By EDWARD JACKSON, M.D.,
Denver, Colo.

We study disease that life and health may be preserved. Medicine began with men already stricken by wound or poison or infection, and the things looked to for their direct relief. It has advanced to warning them of impending danger, whether from pestilence or tainted food or brittle arteries. The line of continued advance is toward development of the greatest possibilities of life and health by knowledge applied to the whole scheme of living. Hygiene understood, taught, practiced, made dominant in the public schools is the next step in this progress.

School hygiene must include attention to actual disease within the schools and provision for its treatment; the immediate suppression of epidemics; the recognition of all physical defects among the pupils, with steps to help secure their correction as far as possible; maintenance of the best sanitary conditions throughout the whole school environment of the child; the training by verbal instruction, exercises and habitual practice of general and individual hygiene; and the inspiring in every scholar the same reverence for health that we seek to instill with regard to patriotism or moral obligation.

Without claiming that this work of fundamental and universal importance is to be done wholly by the medical profession, it is obvious that it must at many points be guided by and founded upon that mass of knowledge which has been and is being laboriously accumulated by the medical profession; and much of which is available from no other source.

* Read before the American Academy of Medicine at Atlantic City, N. J., June 6, 1904, as part of a report on Hygiene in the Public Schools, and published here courtesy of the Bulletin of the Academy.

Medical inspection or medical supervision of schools is the chief agency through which our knowledge of vital processes and disease is to be applied.
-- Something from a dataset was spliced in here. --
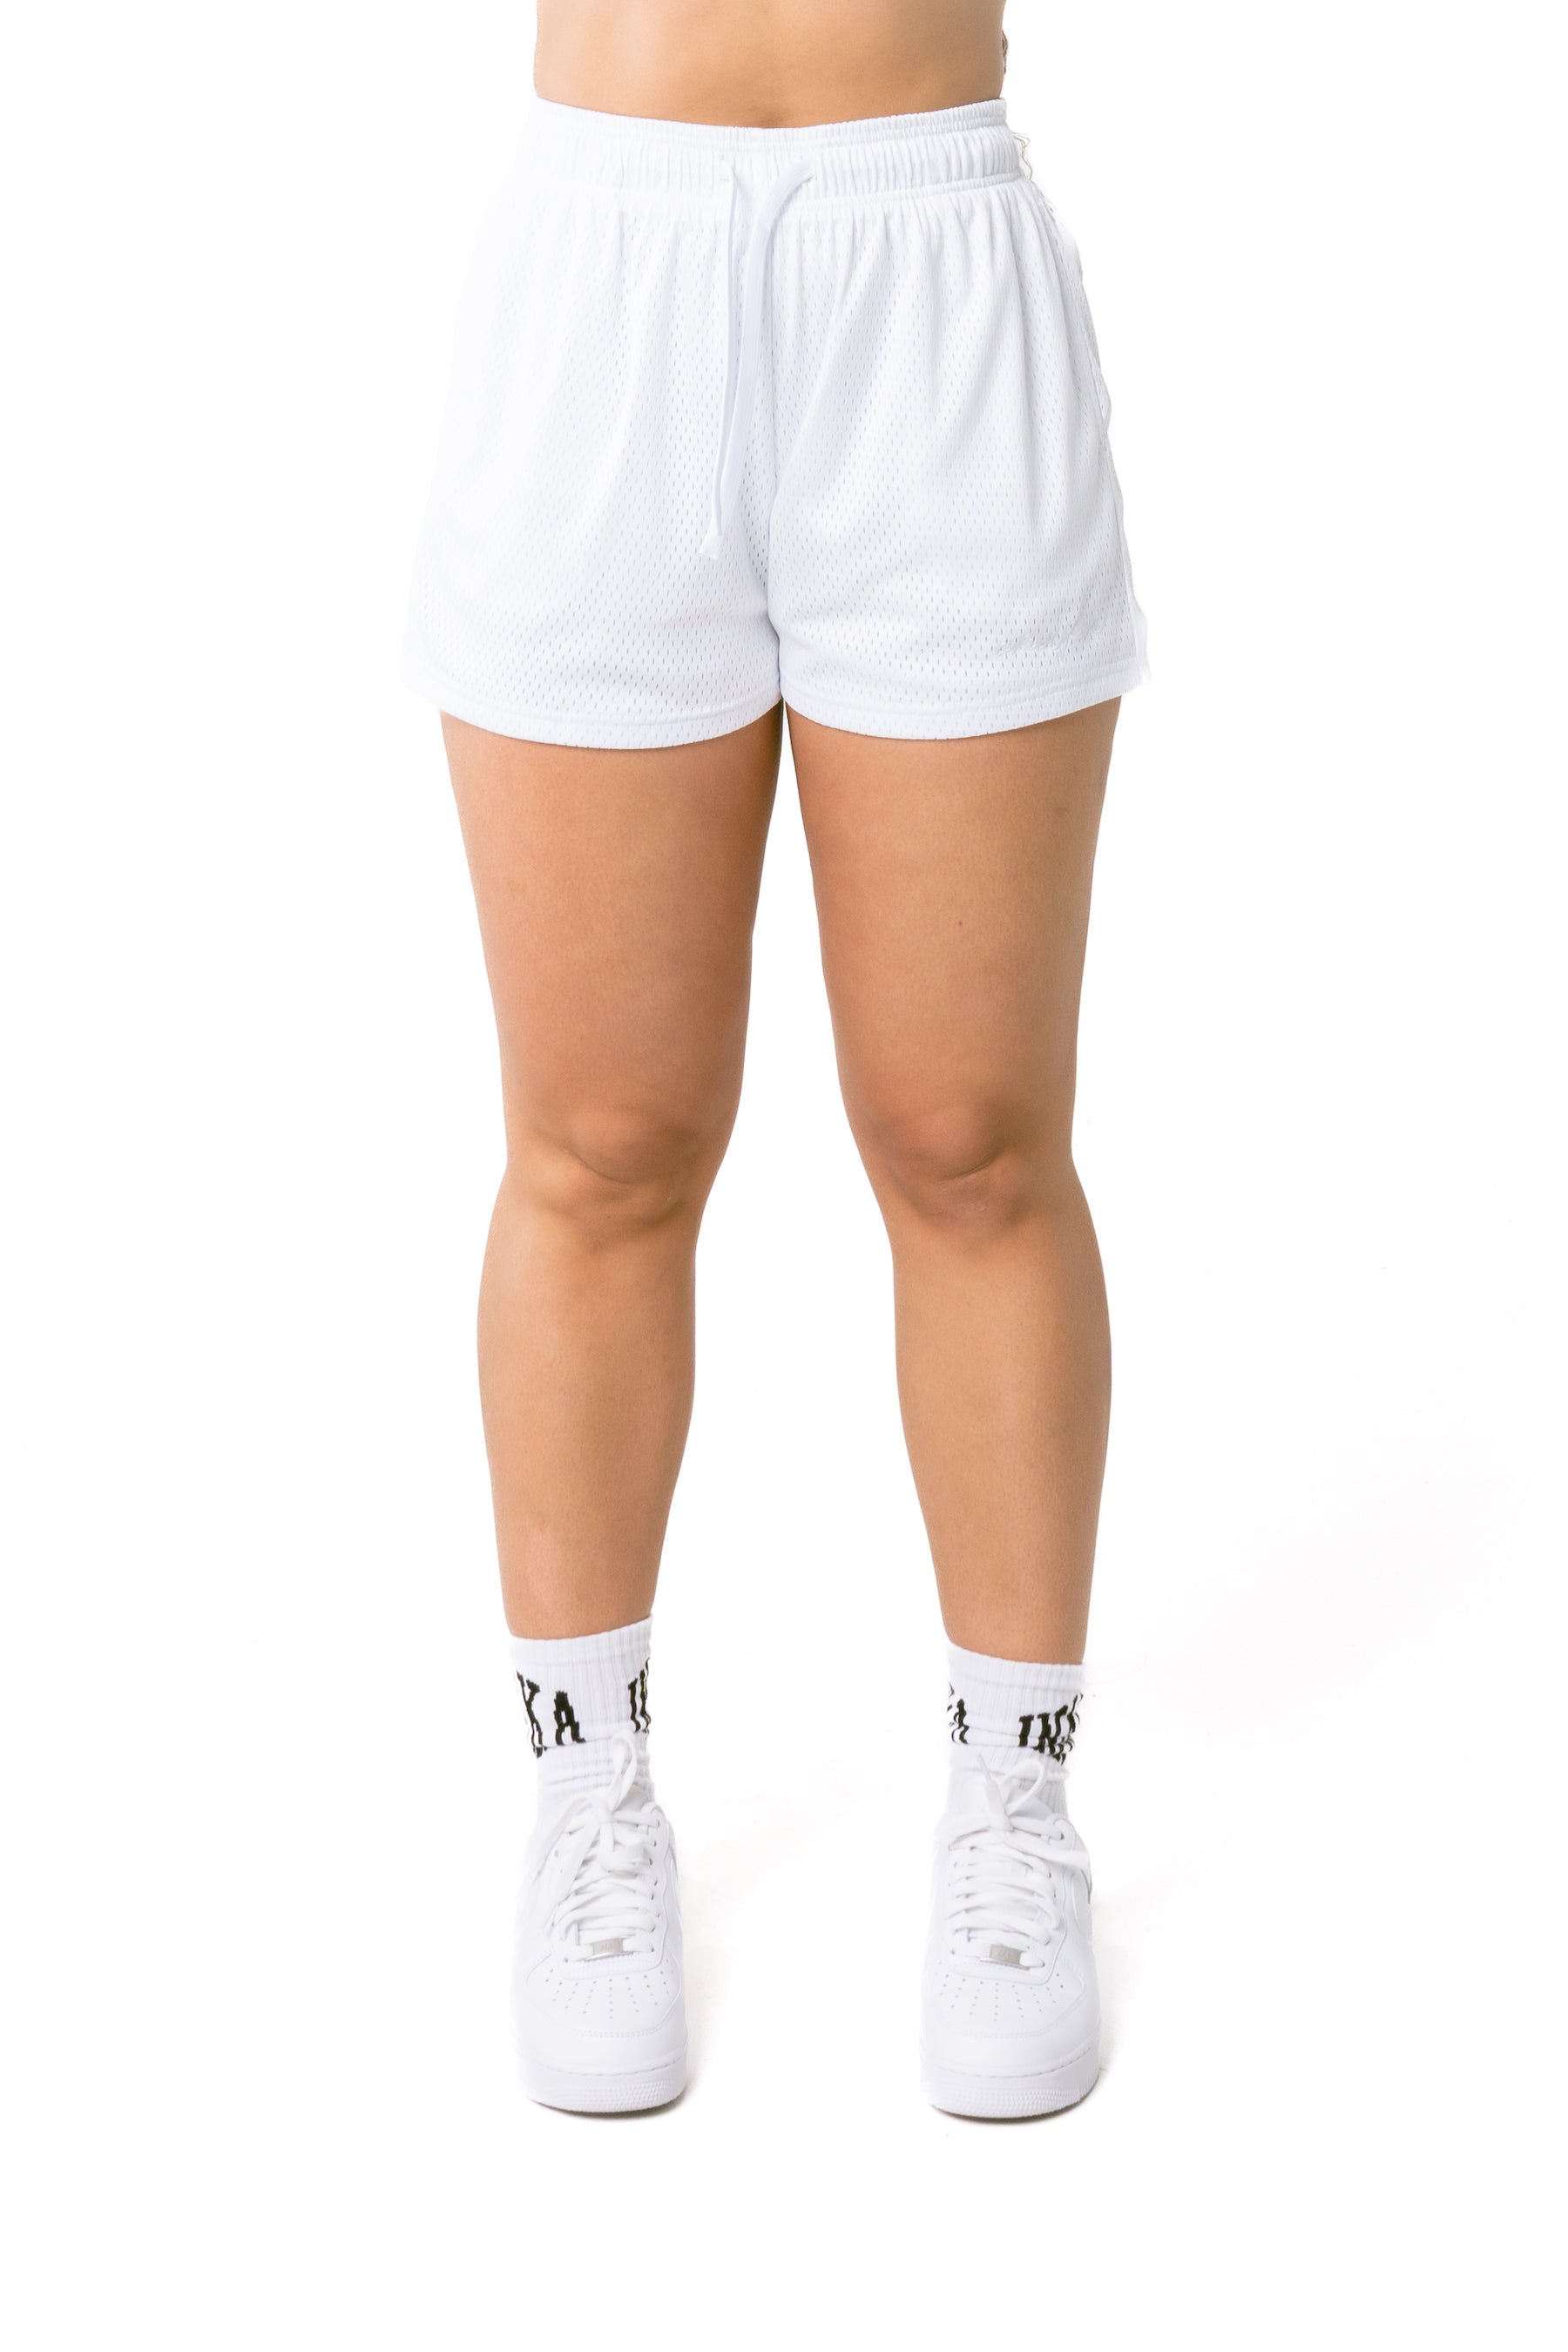 Women's Basic Shorts - Platinum White

We say medical supervision for mere inspection ending in itself would be a farce. There must be both seeing and doing. Inspection takes value and significance only as it becomes the first step toward modifying what it discovers. But for efficiency the circuit from seeing to doing must be shortened as much as possible. So far as may be the eyes to see, the knowledge to appreciate and the judgment and authority to act should be vested in the same person, and in the immediate future this person will generally be the medical inspector. Generally but not always. Even at the present time the recognition of certain physical defects and the dealing with them is, in many places, left largely or wholly to the teacher; and in some cities the director or teacher of gymnastics is more likely to develop into the true school physician, than is the medical inspector strictly so-called, therefore, in the present report we desire to call attention to the work to be done, and the ideals to be aimed at without elaborating any detailed system of organization, or distributing the specific duties among the school officers to whom they might be assigned. It is this design that is responsible for this apparent confusion of school inspection and supervision, of using as synonyms medical inspector and school physician, when evidently these terms may be properly used to indicate district officers.
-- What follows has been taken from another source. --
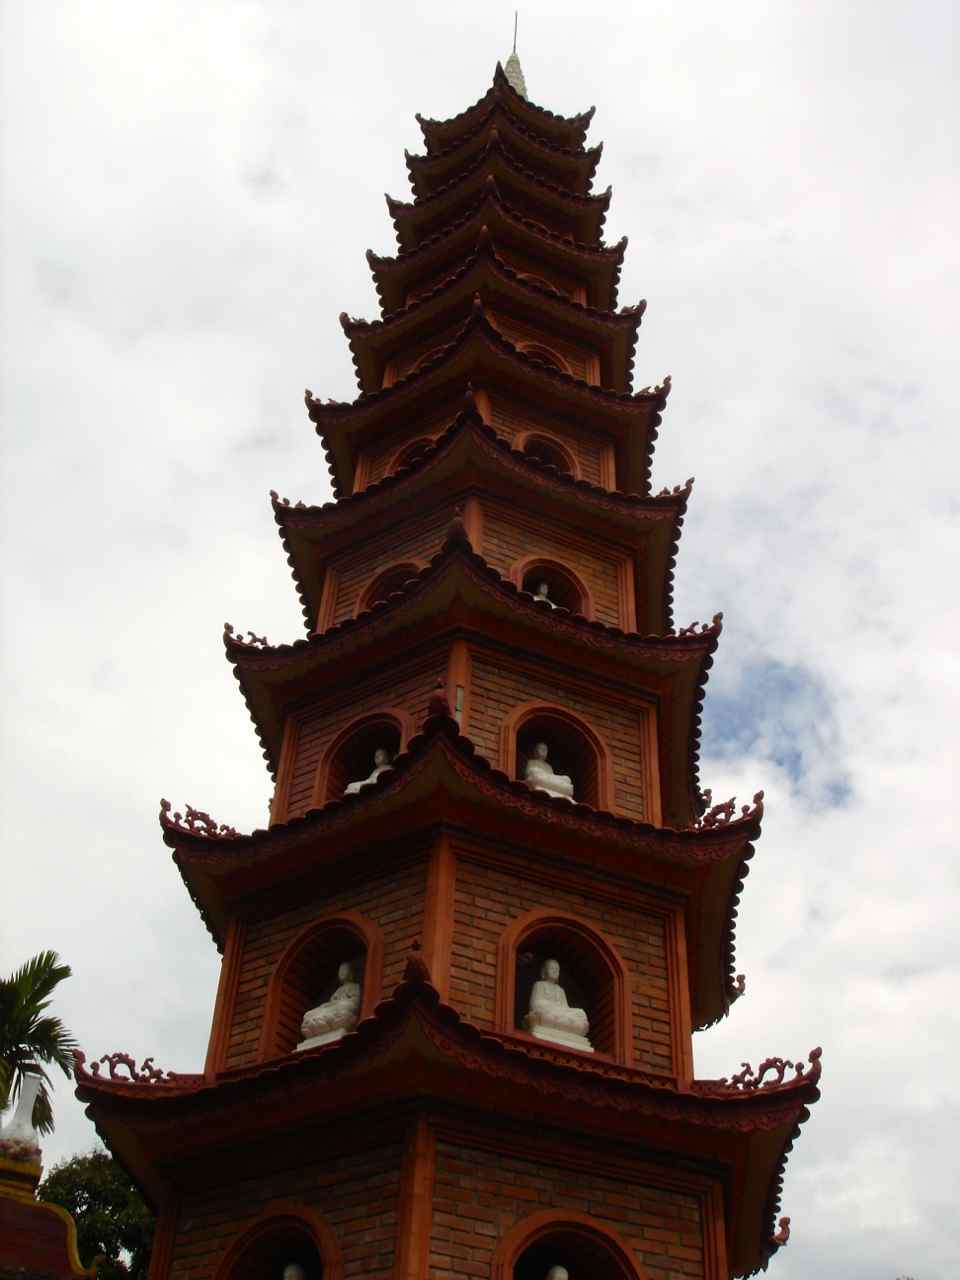 La Pagoda de Tran Quoc en Hanoi (Vietnam)

The work of medical inspection in the schools is directed obviously to three purposes: The (A) detection and limiting the spread of contagious diseases. (B) The study of physical defects and other departures from normal health in the scholar, with indication of the remedy. (C) Supervision of the scholar's environment; and to these may be added when we have fully qualified inspectors holding the right relations with other school authorities, (D) some supervision of the instruction regarding hygiene.
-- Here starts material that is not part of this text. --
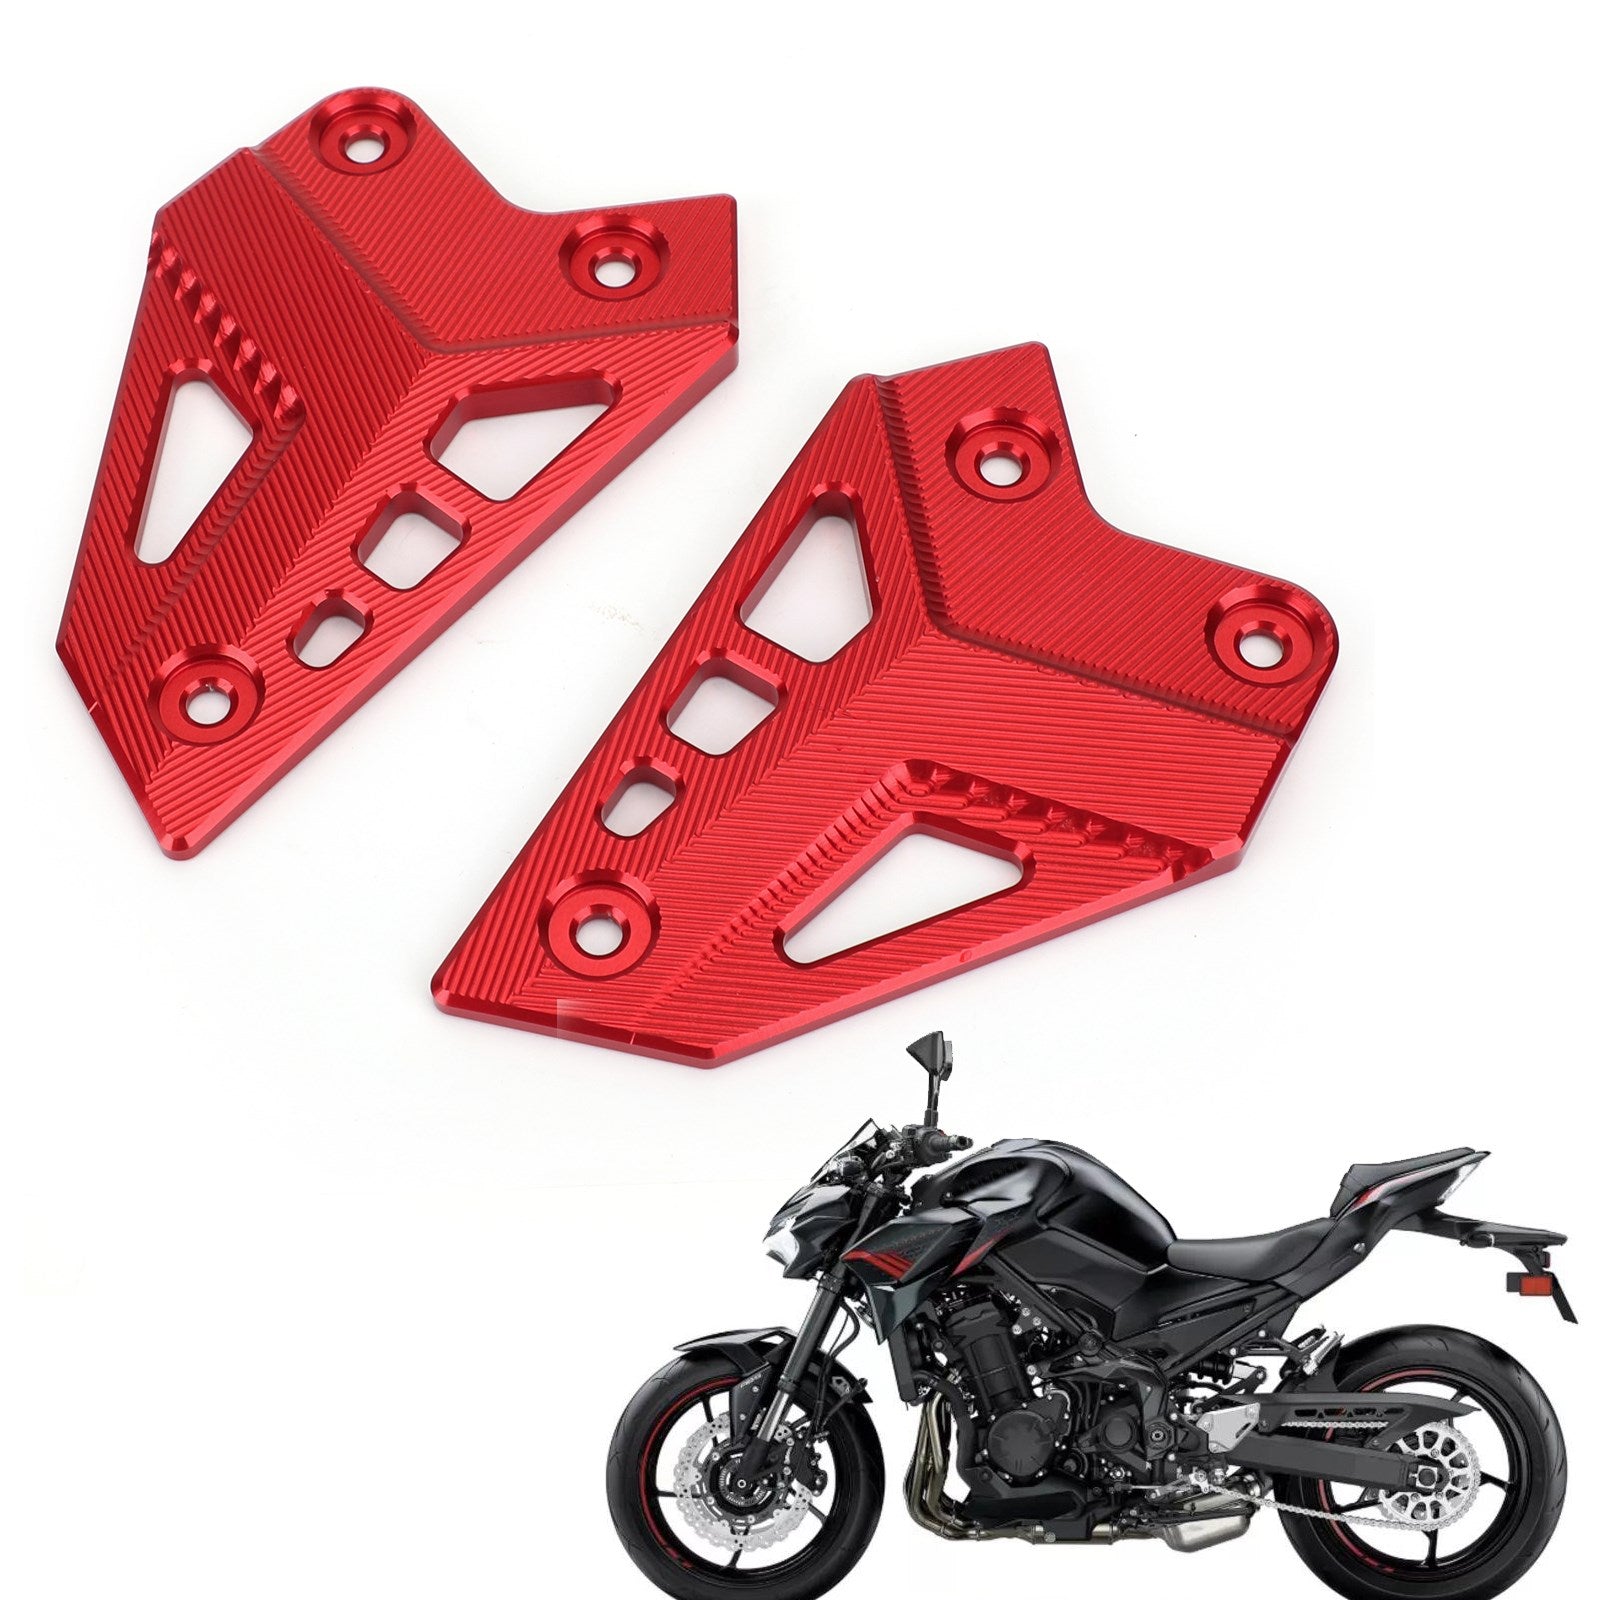 Para reposapiés de motocicleta, tacones y placas rojas para Kawasaki Z900 2017 2018 2019 2020 2021 2022

The qualifications which this work demands of those who are to carry it on are:

1. Skill in diagnosis, the broadest and most difficult department in practical medicine. The diagnosis of disease is some

thing that cannot be learned in fragments. Only to an extremely limited extent, and then with great uncertainty can any one disease be recognized, except by the person who can recognize all diseases. There are refinements of diagnosis which remain perforce chiefly in the hands of specialists, but every diagnostician knows that each extension of his ability to recognize a new pathological condition increases the certainty and exactness of his diagnosis of every condition. There is no diagnosis which is not differential. The recognition of the condition present demands that a host of other conditions be also borne in mind.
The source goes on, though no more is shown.